This is a page about »Histogram of Gradients«
Principles
Histogram of Oriented Gradient (HOG) is an image feature descriptor technique that counts occurences of gradient orientation in localized portions of an image. It generates a relatively dense grid and uses overlapping local contrast normalization for improved accuracy.
Algorithm consist of four steps, gradient computation, orientation binning, normalization and descriptor blocks, and object recognition. The first three are what this note will focus on.
First, calculate gradient using 1D centered point discrete derivative mask \([-1, 0, 1]\) and \([-1, 0, 1]^{T}\), 3x3 Sobel mask or diagonal mask.
the latter two generally perform more poorly in detecting human.

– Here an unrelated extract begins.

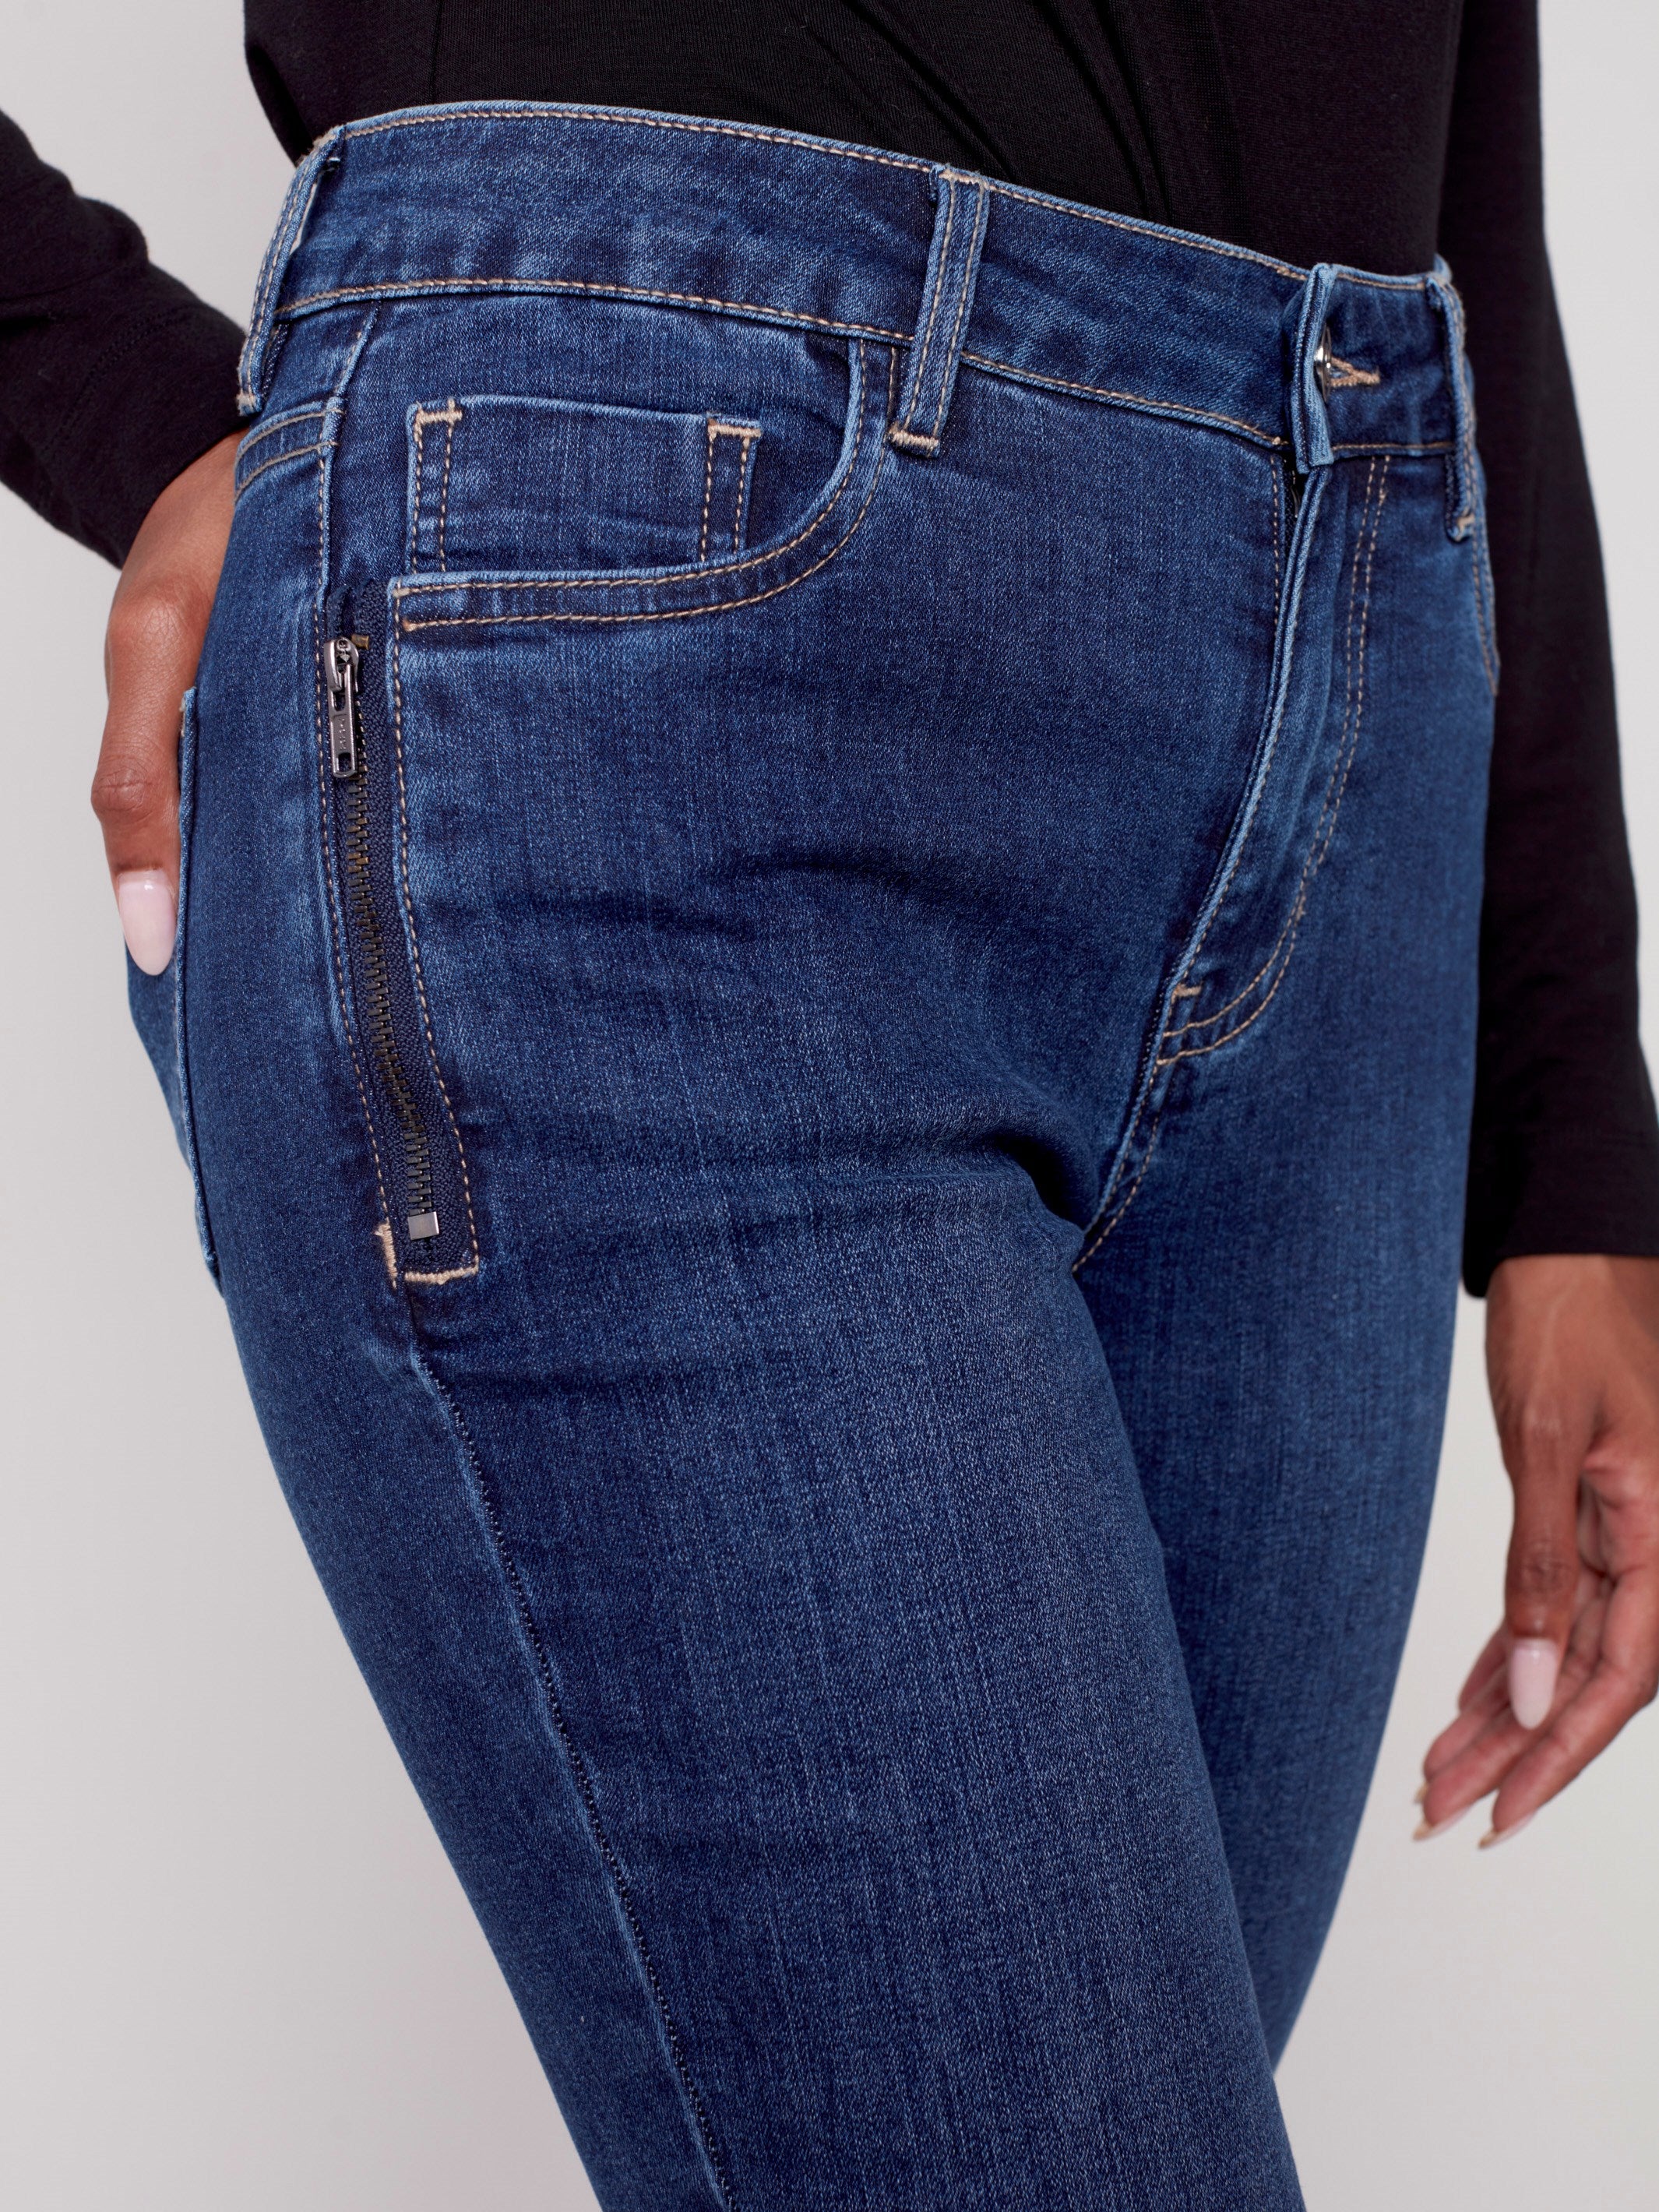 Jeans with Zipper Pocket Detail - Indigo

1def calculate_coarse_gradient(slice: np.ndarray, axis):
2 t = slice.copy()
3 cols_idx = [x for x in range(t.shape[axis])]
4 if axis == 0:
5 t = t[cols_idx[-2:] + cols_idx[:-2], :]
6 elif axis == 1:
7 t = t[:, cols_idx[-2:] + cols_idx[:-2]]
8 return slice - t
9
10def calculate_sobel_gradient(img, axis):
11 if axis == 0: dx, dy = 1, 0
12 else: dx, dy = 0, 1
13 return cv2.Sobel(img, cv2.CV_32F, dx, dy, ksize=1)
using coarse gradient has limitations as it is very sensitive to noise and can result in highly similar histograms across target image.
Next, create cell histograms by casting weighted vote for an orientation based histogram bin, based on the resulting gradient for each pixel within the cell. The histogram channels are evenly spread over 0 to 180 (unsigned gradient) or 0 to 360 degrees (signed gradient). Pixel contribution to the voted weight can be the gradient magnitude or some function of the gradient magnitude. The key is, votes are interpolated bilinearly between neighbouring bins centers in both orientation and position.
Unsigned gradient makes visualization easier, which is how
skimage
implements it. It extends the \(O\) orientations to the 3rd and 4th quardrant.
1# orientation calculation
2orientation = np.arctan2(grad_y, grad_x)
3orientation += np.pi/2 # add to ensure its parallel to edge
4
5# orientation binning
6def calculate_histogram(cell_size, magnitude, orientation):
7 histogram = np.zeros(orientation_bins, dtype=float)
8 bin_width = (_max - _min) / orientation_bins
9 for r in range(cell_size):
10 for c in range(cell_size):
11 pixel_magnitude = magnitude[r, c]
12 pixel_orientation = orientation[r, c]
13
14 if pixel_magnitude == 0:
15 continue
16
17 normalized_orientation = (pixel_orientation - _min) # why?
18 bin_index_float = normalized_orientation / bin_width
19
20 bin1_idx = int(np.floor(bin_index_float))
21 bin1_idx = bin1_idx % orientation_bins
22 bin2_idx = (bin1_idx + 1) % orientation_bins # Wrap around for the last bin
23
24 weight2 = bin_index_float - np.floor(bin_index_float)
25 weight1 = 1.0 - weight2
26
27 histogram[bin1_idx] += pixel_magnitude * weight1
28 histogram[bin2_idx] += pixel_magnitude * weight2
29
30 hist_norm = np.linalg.norm(histogram) # normalize
31 if hist_norm > 0:
32 histogram = histogram / hist_norm * (cell_size / 2)
33 return histogram
34
35# prepare lines for plot
36center_x_plot = sy + cell_size / 2.0
37center_y_plot = sx + cell_size / 2.0
38for iob in range(orientation_bins):
39 angle = plot_bins[iob]
40 length = histogram[iob]
41 end_x_rel = length * np.cos(angle)
42 end_y_rel = length * np.sin(angle)
43 if full:
44 line_start_x = center_x_plot
45 line_start_y = center_y_plot
46 line_end_x = center_x_plot + end_x_rel
47 line_end_y = center_y_plot + end_y_rel
48 else:
49 line_start_x = center_x_plot - end_x_rel / 2
50 line_start_y = center_y_plot - end_y_rel / 2
51 line_end_x = center_x_plot + end_x_rel / 2
52 line_end_y = center_y_plot + end_y_rel / 2
53 all_lines.append([(line_start_x, line_start_y), (line_end_x, line_end_y)])
References
Hannibunny’s blog provided an alternate reference in addition to skimage.